Lo malo es que esta responsabilidad le llega al profesor en un mal momento. Se habla con
razón del malestar de los profesores. Como han señalado Patrice Ranjard en Francia, Martin
Cole en Inglaterra y José María Esteve en España, se generaliza la valoración negativa del
profesor. Mientras que hace veinte años los padres estaban dispuestos a apoyar el sistema
de enseñanza y a los profesores ante las dificultades del proceso de aprendizaje y de la
educación de sus hijos, en el momento actual encontramos una defensa incondicional de los
alumnos, sea cual sea el conflicto, o sea cual sea la razón que asista al profesor. Hay un
descenso en la valoración social del profesor, que hace que en países como Alemania, Suecia
o Inglaterra empiece a escasear el profesorado
Pero, al mismo tiempo, encuestas como las realizadas por Victoria Gordillo, Zubieta, Susinos
o el Centro de Investigaciones Sociológicas, demuestran que los docentes -en especial los
maestros- están bastante o muy satisfechos con su trabajo. ¿Cómo hay que entender esta
mezcla de satisfacción y malestar? Sospecho que como un conflicto entre la función
profesoral y su imagen social. Leo en un artículo de José Gimenez, un experto en el tema,
que la política curricular en España se ha asentado sobre la desconfianza hacia los profesores
y sobre un afán de control ideológico de la educación a través de las regulaciones del
curriculum.
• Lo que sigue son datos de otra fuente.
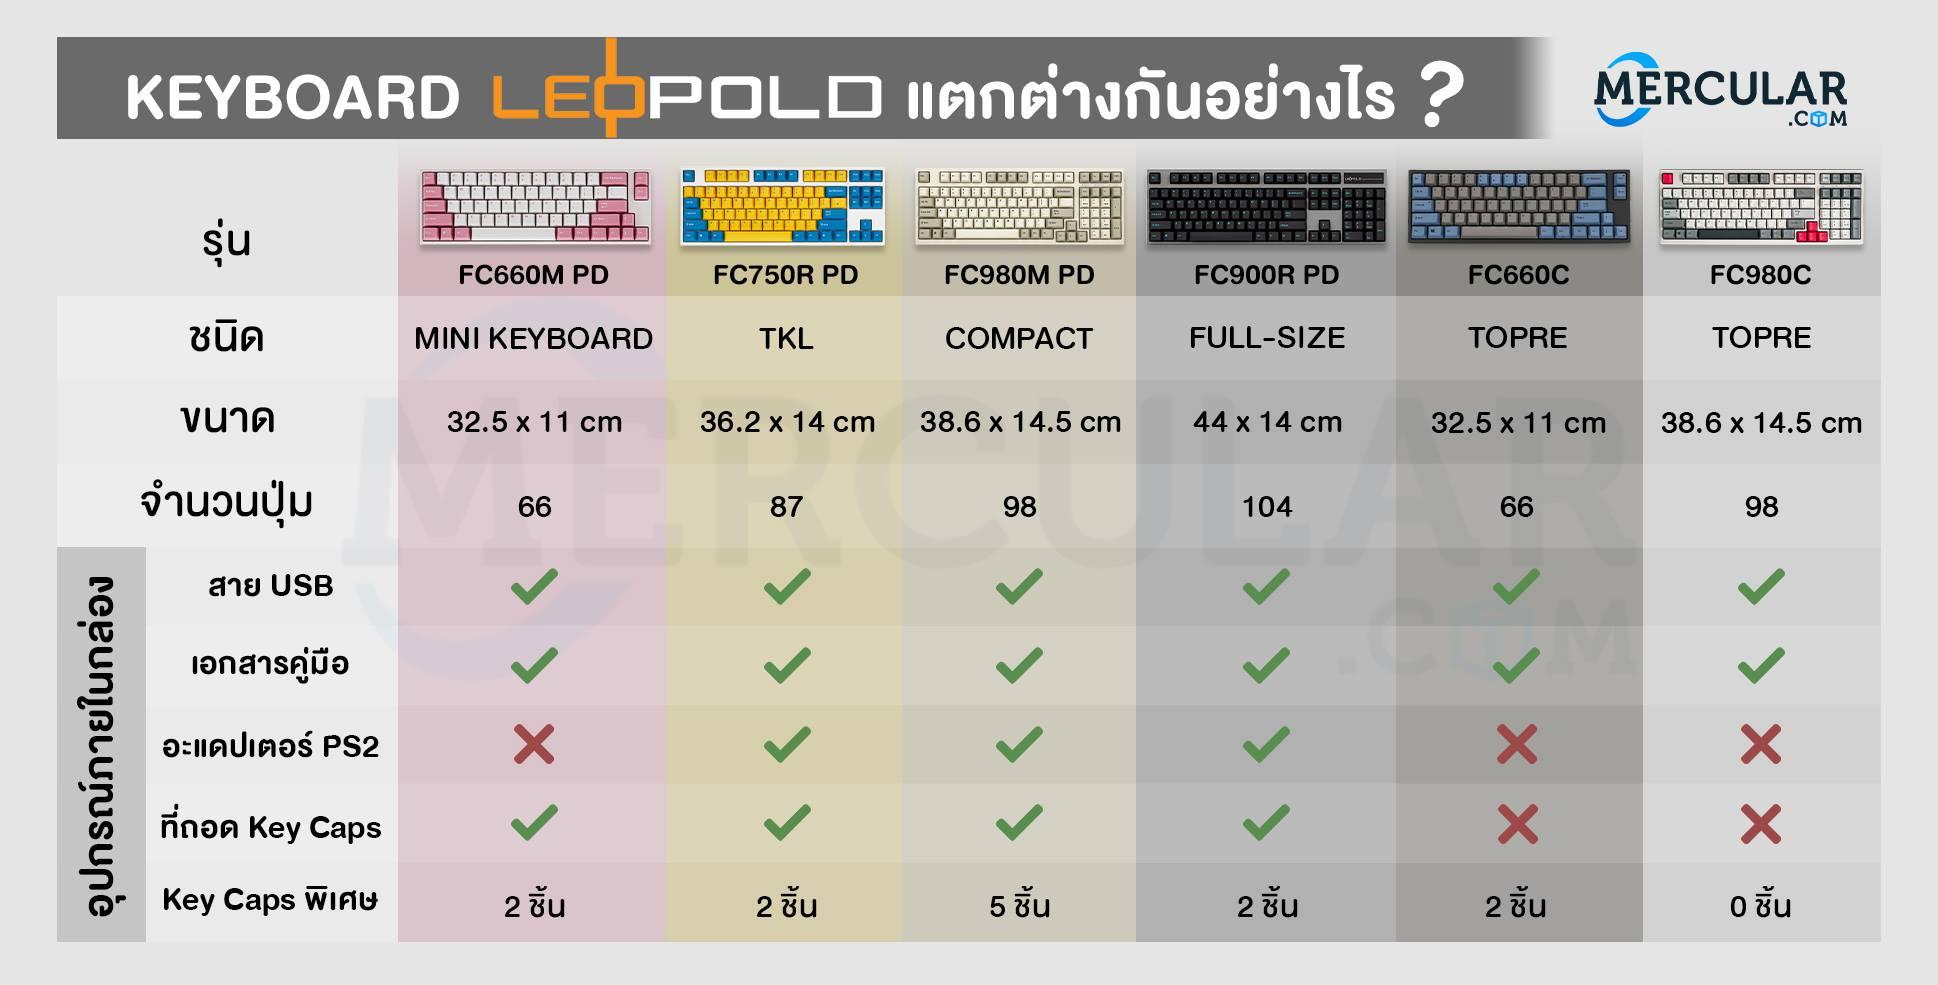 ตารางเทียบ Keyboard Leopold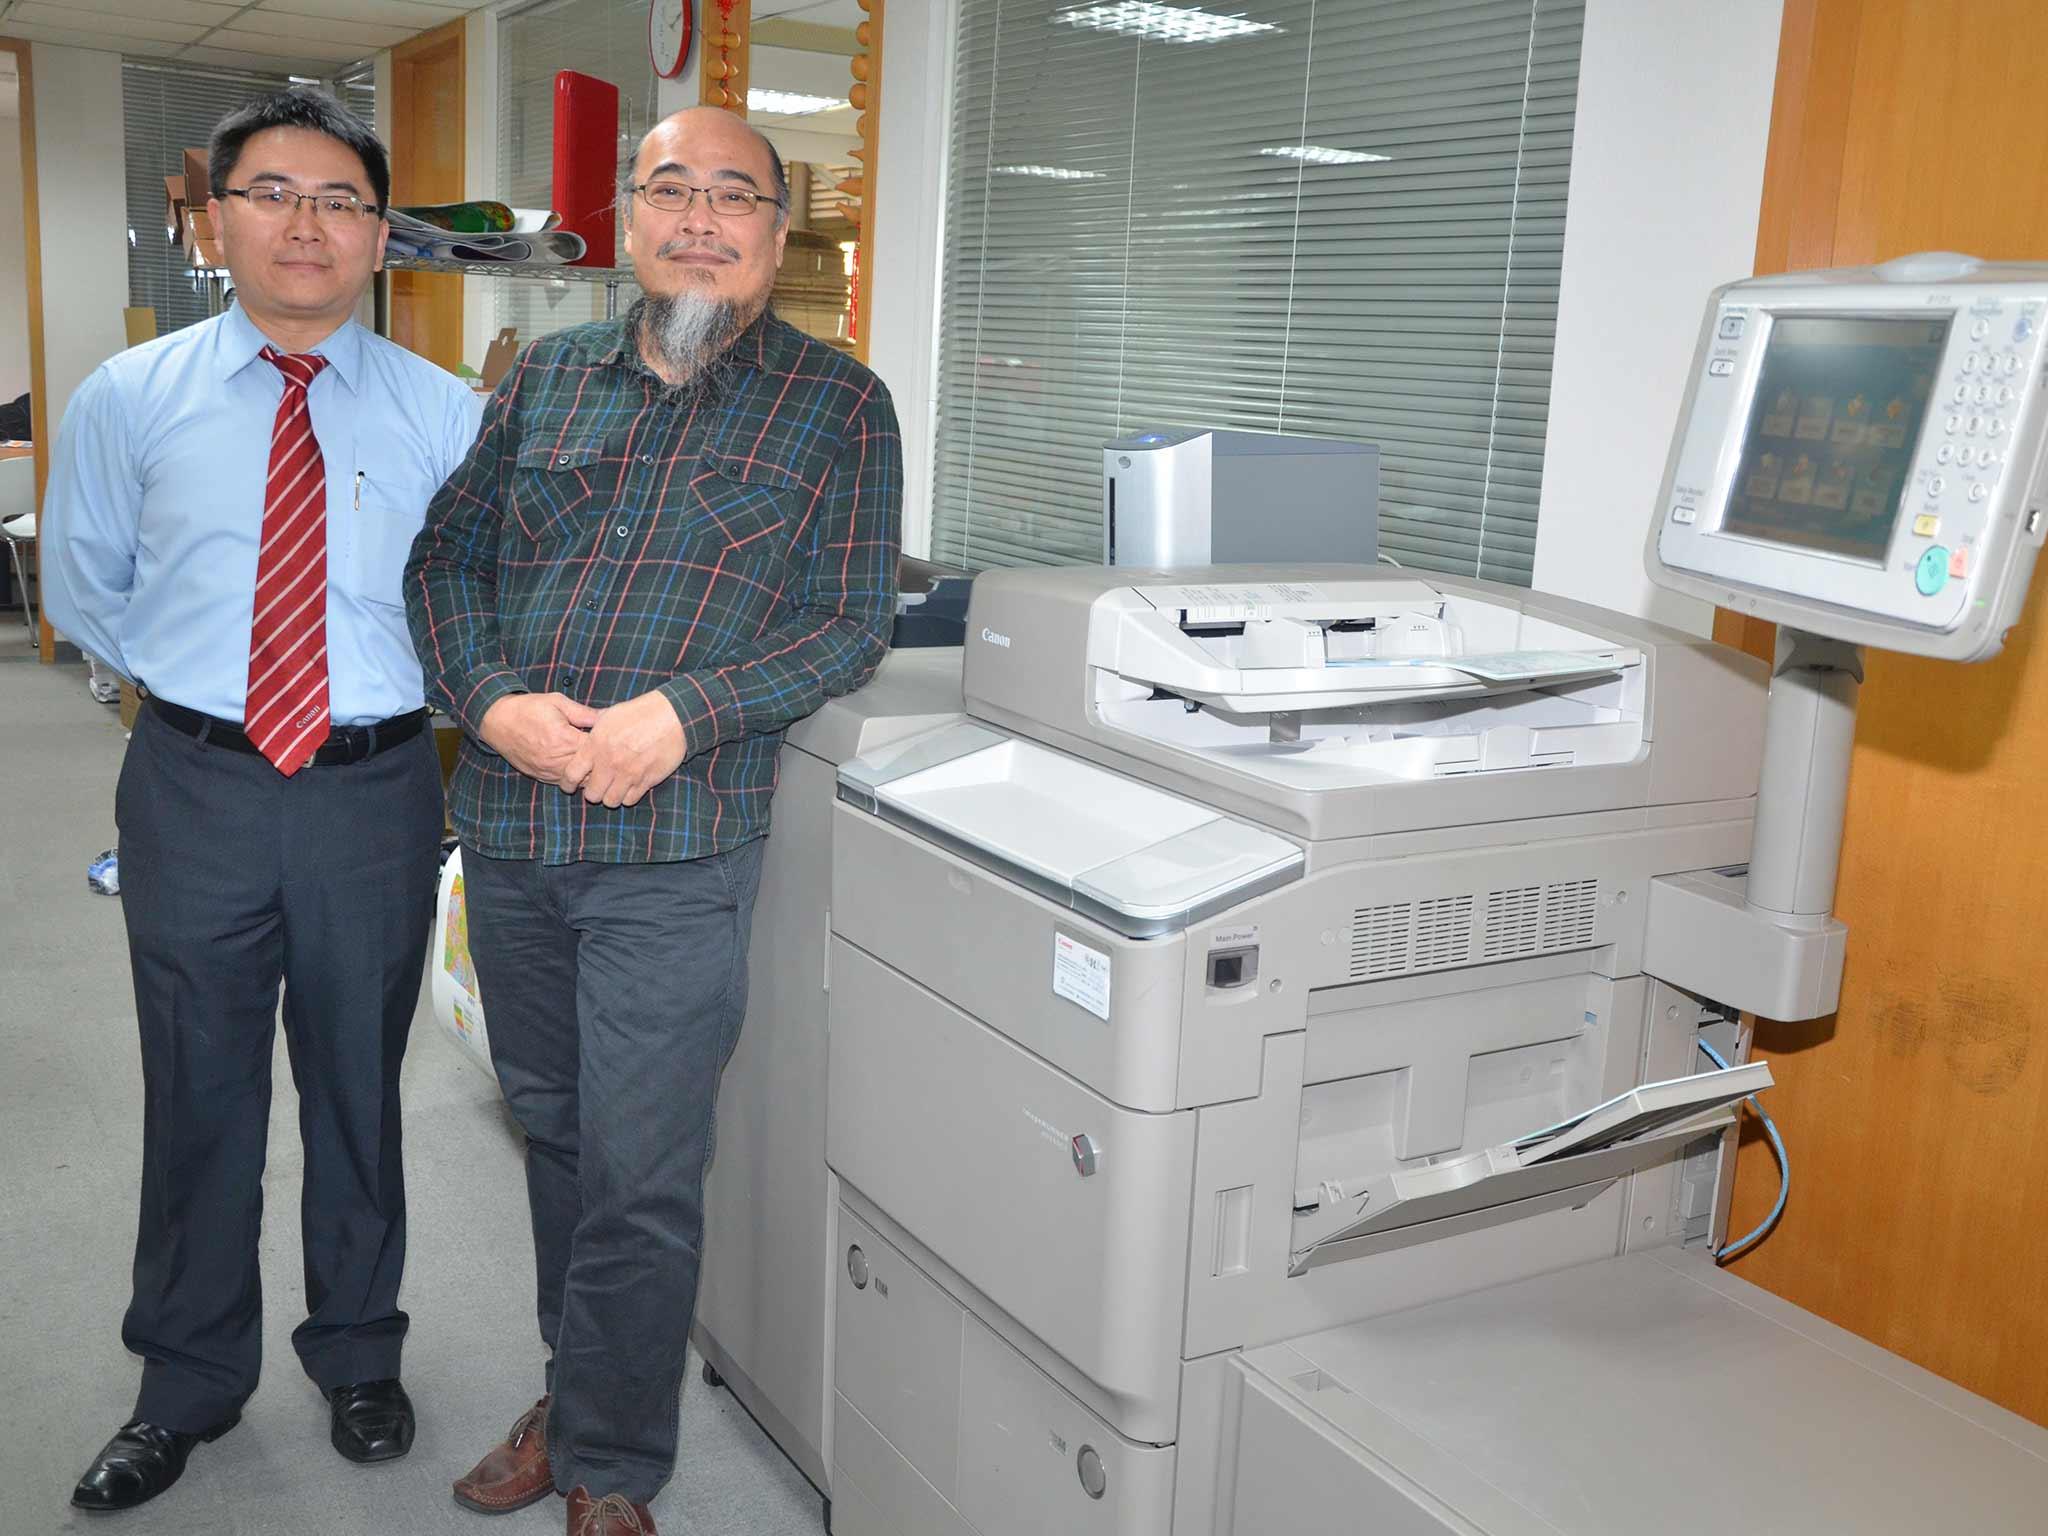 飛行吐司客製變動資料流程 運用 Canon imageRUNNER ADVANCE 8105 數位印刷機成功案例

Una vez más se trata de una cuestión de apoyo, solidaridad y prestigio social.
Nos toca jugar
Ciertamente, podemos esperar a que los demás tomen la iniciativa, a que la administración,
las fuerzas sociales, los padres, los ciudadanos, los medios de comunicación, experimenten
una mirífica conversión y descubran la verdadera transcendencia de la escuela. El ejemplo de
la FAD muestra que es posible, pero creo que la iniciativa deberíamos tomarla nosotros. De
ahí mi afán conspirador.
Todos los problemas complejos, y los educativos y sociales lo son abrumadoramente,
producen un sentimiento de desánimo porque parecen moverse en círculos cerrados, donde
no hay un punto privilegiado para intervenir. Cada instancia se excusa lamentando su
impotencia y entregando la responsabilidad al vecino, quien, a su vez, repite el proceso, con
una circularidad desvergonzada e infernal. Los ilustrados pensaban que la escuela era el
único comienzo, y creo que hay que recuperar el proyecto ilustrado. ¿Cómo se empieza?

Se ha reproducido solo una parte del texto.